We start by using reduce to manipulate the array of objects into a more simple array where the keys and values that were in the objects are now directly in the array. We do this to make it easier to look up values by keys.

before / output structure of group.all()
[ {key: k1, value: v1},
  {key: k2, value: v2},
  {key: k3, value: v3}
]

after
[ k1: v1,
  k2: v2,
  k3: v3
]

Then we move on to creating the correct all() structure again: an array of objects each of which has a key & value property. We start with the existing group's all() array (once again), but this time we have the advantage of our valuesByDate array which will make it easy to look up other dates.

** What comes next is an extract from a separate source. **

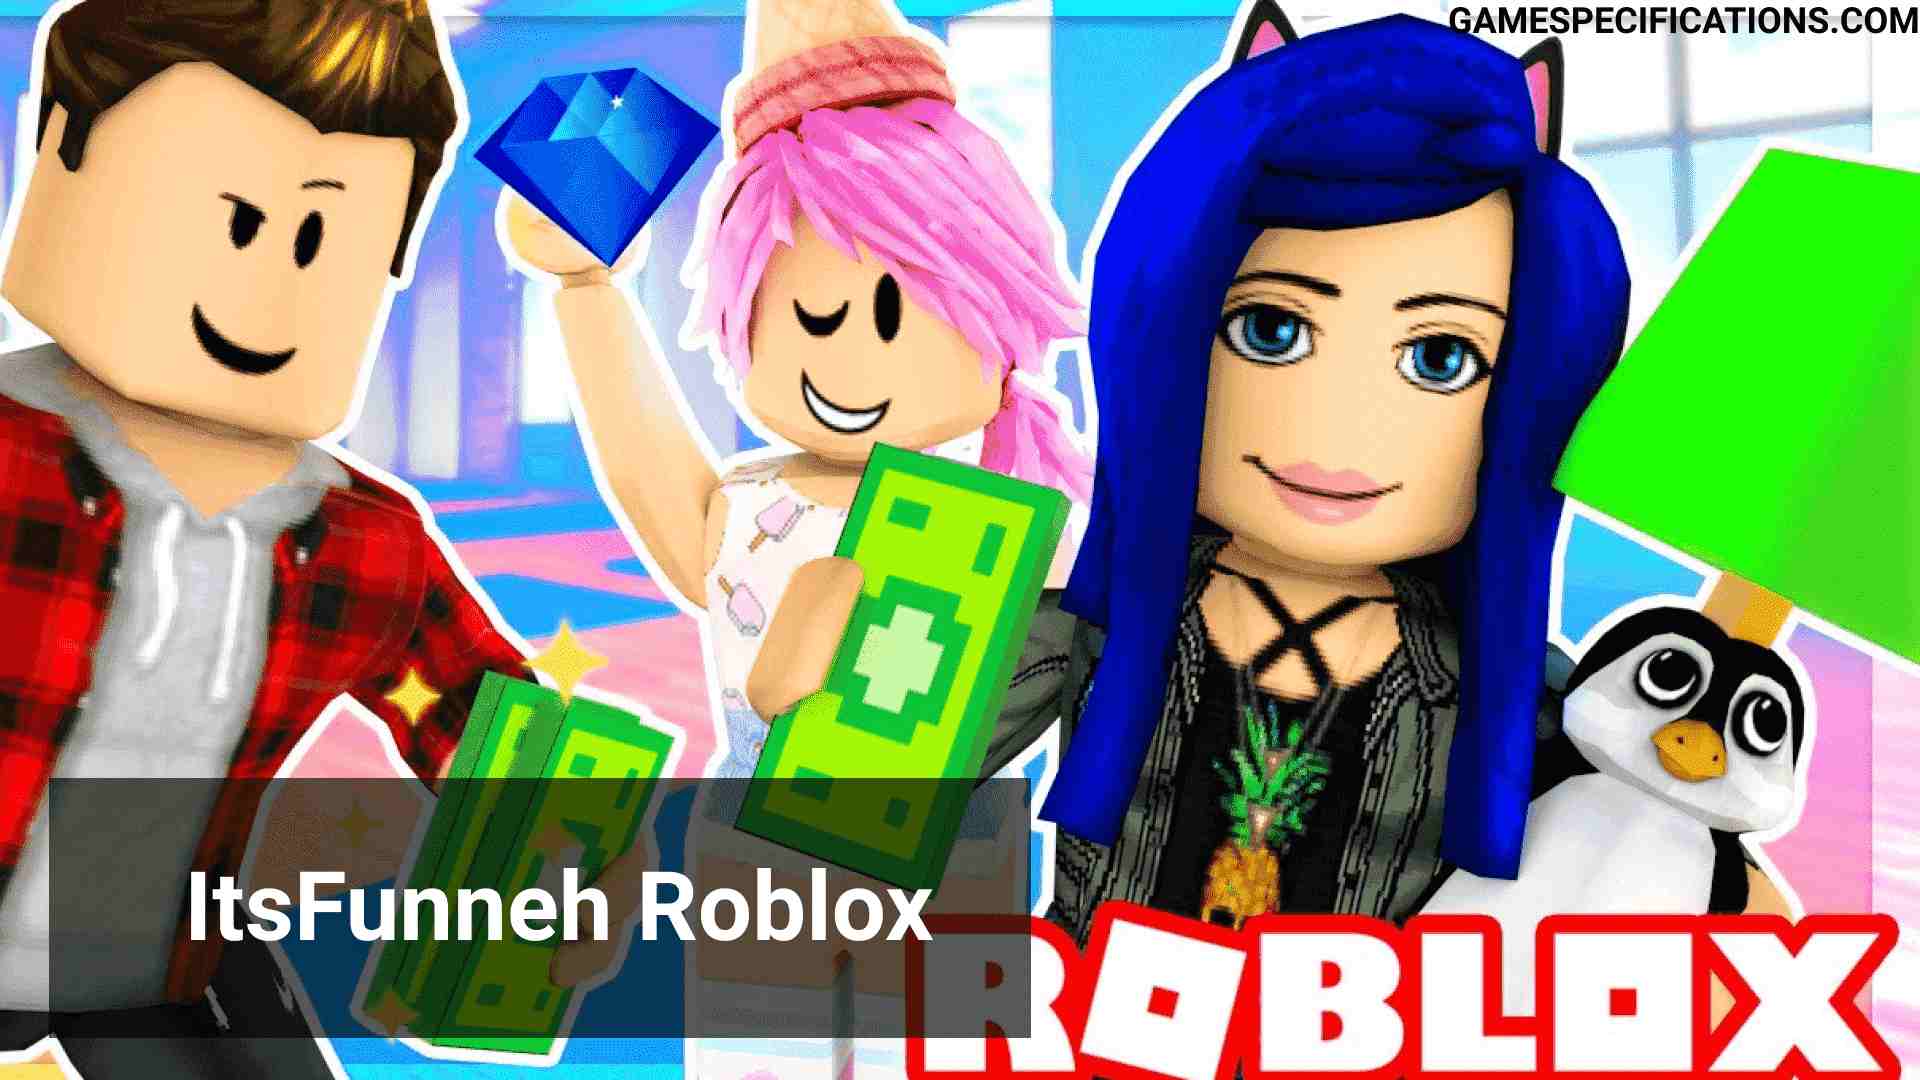 Itsfunneh Roblox Legendary Top Videos Game Specifications - itsfunneh avatar in roblox

So we iterate (via reduce) over the original group.all() output and lookup in the array we generated earlier (valuesByDate), if there's an entry from one year ago (valuesByDate[dateLastYear.getTime()]). (We use getTime() so it's simple integers rather than objects we're indexing off of.) If there is an element of the array from one year ago, then we add a key-value object-pair to our soon-to-be-returned array with the current key (date) and for the value we divide the "now" value (thisKeyValuePair.value) by the value 1 year ago: valuesByDate[dateLastYear.getTime()]. Lastly we subtract 1 so that it's (the most traditional definition of) YoY. Ex. This year = 110 and last year = 100 ... YoY = +10% = 110/100 - 1.